What about A-levels / university assessments?
You’ll have noticed that all my solutions above basically involve getting rid of unsupervised writing assessments. You might be thinking, well maybe that can work at school, but what about A-level or university? Lengthy unsupervised writing assessments are a vital part of those courses and not one that can be so easily replaced by shorter supervised assessments.
I agree. Solving this problem for A-level and university assessment is going to be a lot harder. But I still think it is a problem that has to be solved, and it would be interesting to see some proposals from universities who are taking the threat seriously.

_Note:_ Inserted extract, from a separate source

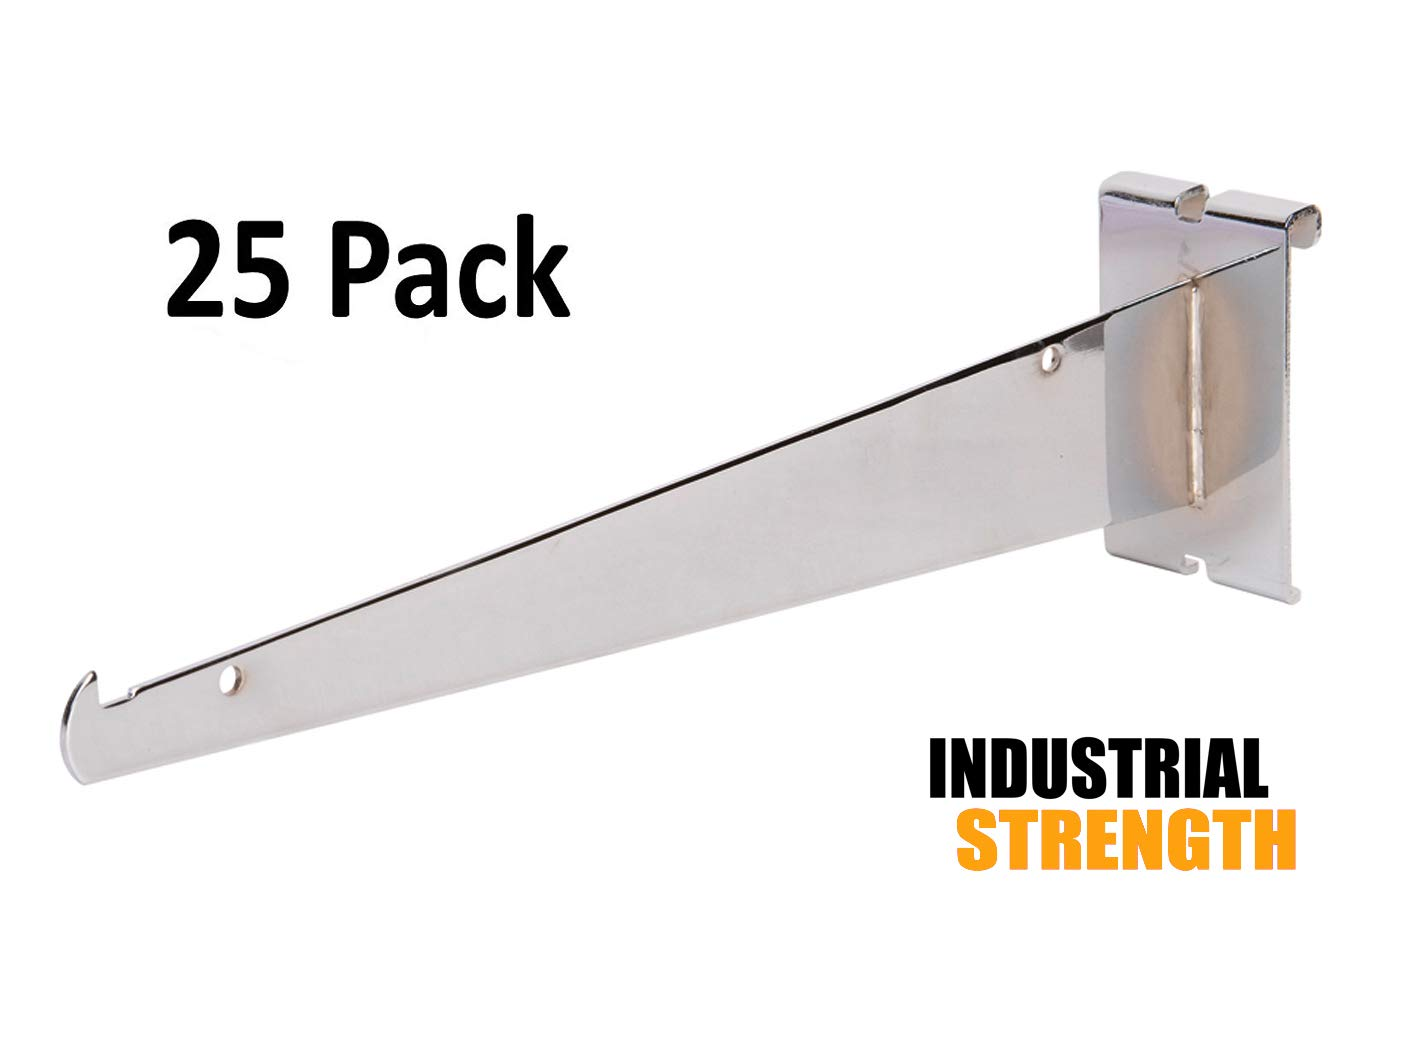 Only Hangers Shelf Brackets for Gridwall, 12'' Chrome Grid Panel Brackets (Pack of 25) - Shelf Brackets Fit all 3'' x 3'' Standard Gridwall Panels

Which schools are coping the best?
In the UK, state schools can only sign up for certain regulated qualifications which have quite a limited amount of coursework. Independent schools have a wider choice, and many of them have chosen qualifications with a much larger element of coursework or non-examined assessment.
The nature of the final exam often determines the shape and structure of the curriculum in previous years. That isn’t always a good thing, and there’s a huge list of ways in which exam pressures contribute to poorer education outcomes. These are often referred to as ‘negative washback’ in the literature.
However, it is probably only fair to point out that there are also examples of positive washback, and this may well be one of them. I can see the difference with the subject I know best, English Language. LLMs are less of an issue for state schools, because they are already in the habit of doing lots of timed supervised writing tasks to prepare for exams. Even the writing tasks they set for homework are less at risk, because students know there is nothing to be gained by cheating at them if the final exam is going to be supervised.
By contrast, independent schools spend a lot of time teaching and preparing for coursework tasks, and if the coursework task contributes 40% to a high stakes qualification then there really is an incentive to cheat. It’ll be interesting to see how this one plays out. Will students at independent schools get less experience of practising independent writing?
Yes, the Viva or oral assessment will be resource intensive, but it is scalable if we transfer the amount of time dedicated to marking written pieces to the oral assessment. I discuss this here: https://paulgmoss.com/2023/09/26/doing-less-to-do-more/
Can you clarify? There seems to be a typo. Is it "not in the work itself but in the understanding it represents"? Or perhaps "not in the work itself but in understanding what it represents"?